Он понимал, что теперь, когда станет листать эту книжку, будет вспоминать обо всем плохом и страшном, что случилось из-за нее. Но книжка же не виновата! Все равно он рад, что она вернулась. Он будет вспоминать и о хорошем: о дедушке, об Иринке, об Игоре Дмитриевиче…

А Горька стоял рядом и молча поглядывал из-под медных волос. Все время, пока шел разговор с Иринкой, Журка чувствовал это молчание и этот взгляд. Посмотреть Горьке в лицо он не решался. И среди всех других мыслей билась одна – колючая и тоскливая: "Что же теперь ему сказать, как быть?"

Впрочем, Журка знал, как быть, только это очень трудно. Но надо. Чтобы потом не краснеть перед Горькой, перед Иринкой, перед собой. Надо переступить через мучительный стыд и проговорить: "Горька, прости меня, пожалуйста, я был самый последний идиот. Я сам не знаю, как мог подумать такое…"

– Горька… ты…

Горька перебил торопливо:

– Слушай, я там тебе книжки притащил, а "Всадника"-то я еще не дочитал. Я его по ошибке прихватил в одной пачке. Ты мне потом его дай опять…

И стало понятно, что говорить ничего не надо.

Иринка и Горька принесли Журке домашние задания, но он сказал, что лучше пойдет делать их к Иринке.

– Если, конечно, можно…

– Вот балда-то! Почему же нельзя? – возмутилась Иринка.

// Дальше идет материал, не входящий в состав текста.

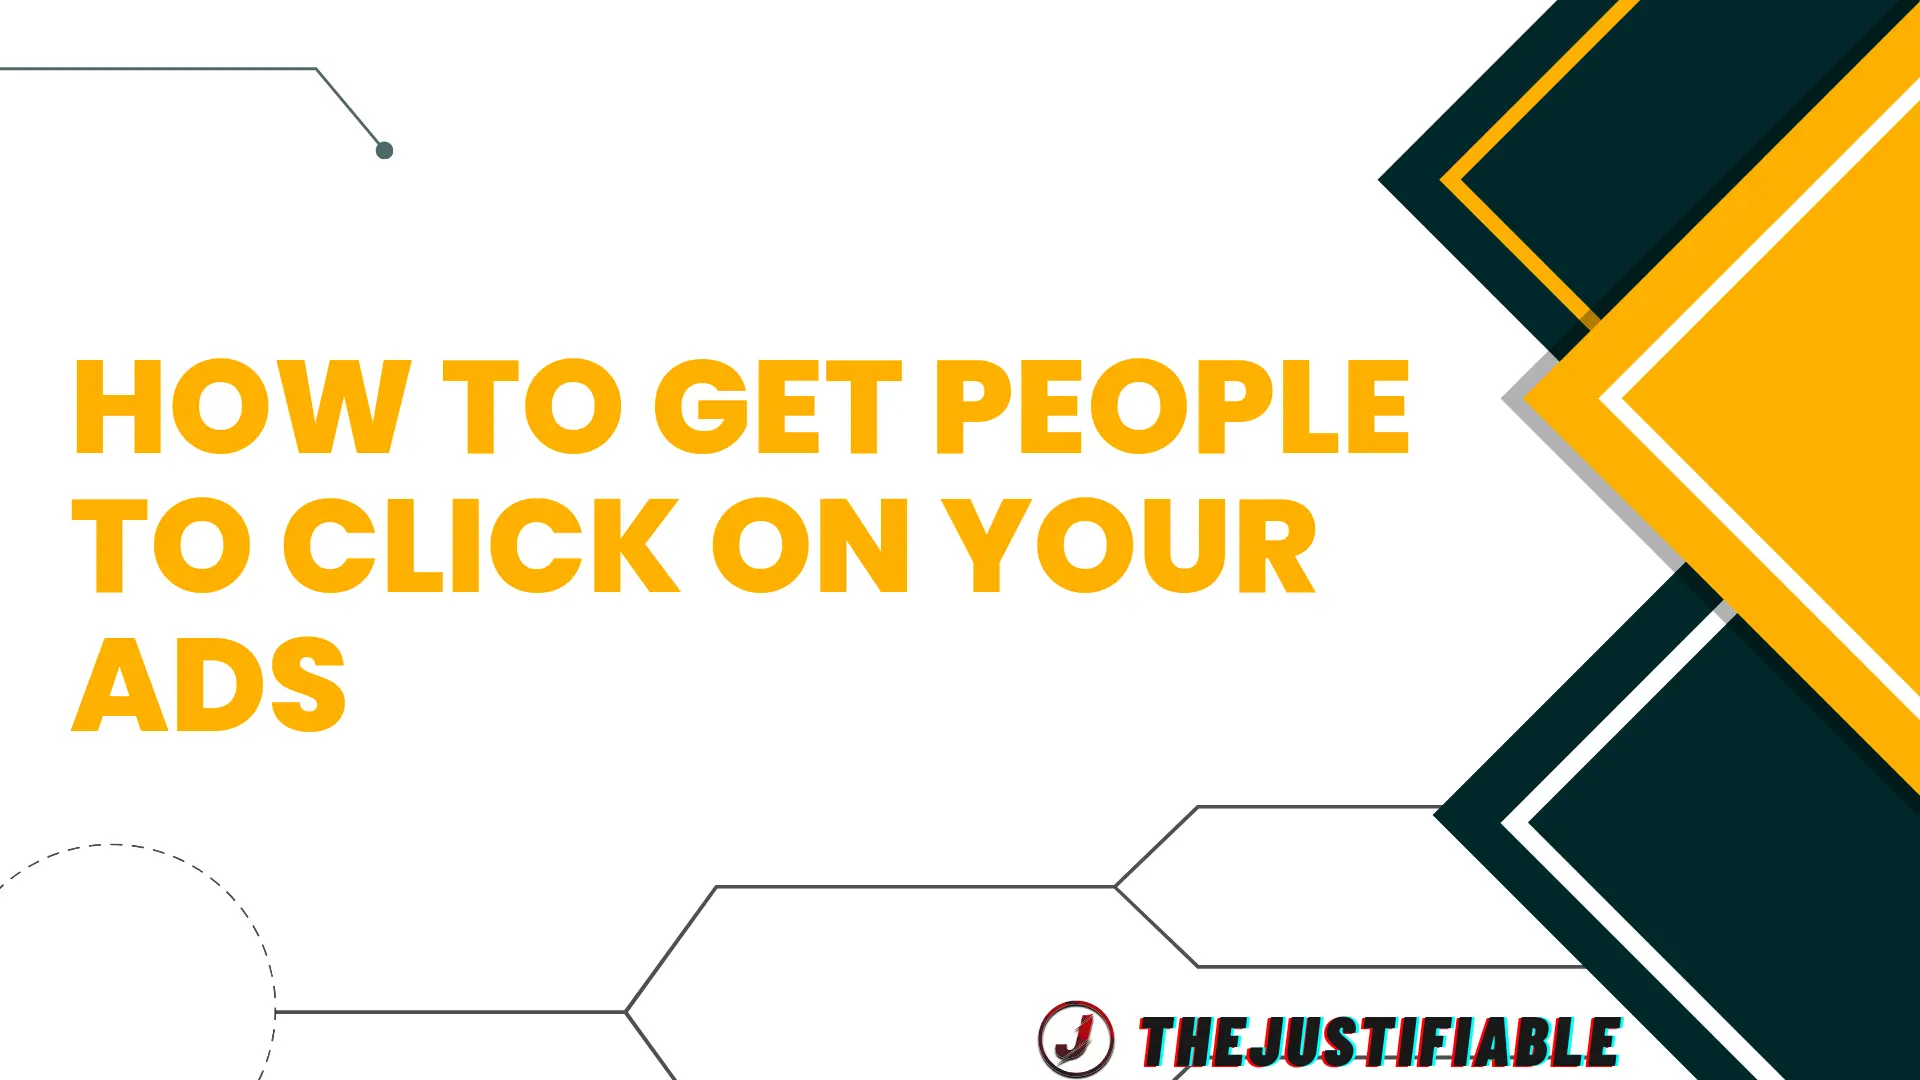 The image is a graphic related to: how to get people to click on your ads.

– Я, пожалуй, тоже приду, – сказал Горька.

Так они и сделали. Едва пришла Лидия Сергеевна, Журка поспешил к Брандуковым. Горька был уже там. Они засиделись у Иринки до вечера. Пришел Игорь Дмитриевич. Журка один на один, тихо и сбивчиво сказал ему спасибо за книжку. А тот поспешно ответил, что все это пустяки, мелочи жизни, не стоит говорить об этом, и поскорее перевел разговор на Олаудаха Экиано. Оказалось, что приключения Олаудаха он дочитал почти до конца и завтра попробует сделать несколько рисунков…

Журка вернулся к Лидии Сергеевне около восьми часов и почувствовал себя виноватым. Он узнал, что, пока его не было, Максимка маялся, тосковал и мучил родителей вопросами, когда Журка вернется.

Они сели дочитывать "Приключения Буратино".

…Наутро Журка пошел в школу, и там все было как всегда. Не спросили даже, почему прогулял день. После школы он часа два играл с Максимом в морское путешествие, а потом отпросился у него и побежал к Иринке.

А еще через день, когда они с Максимом обедали на кухне, кто-то позвонил у дверей. Лидия Сергеевна вышла и скоро вернулась. Тихо сказала:

– Там твой папа… Хочет поговорить, но не заходит.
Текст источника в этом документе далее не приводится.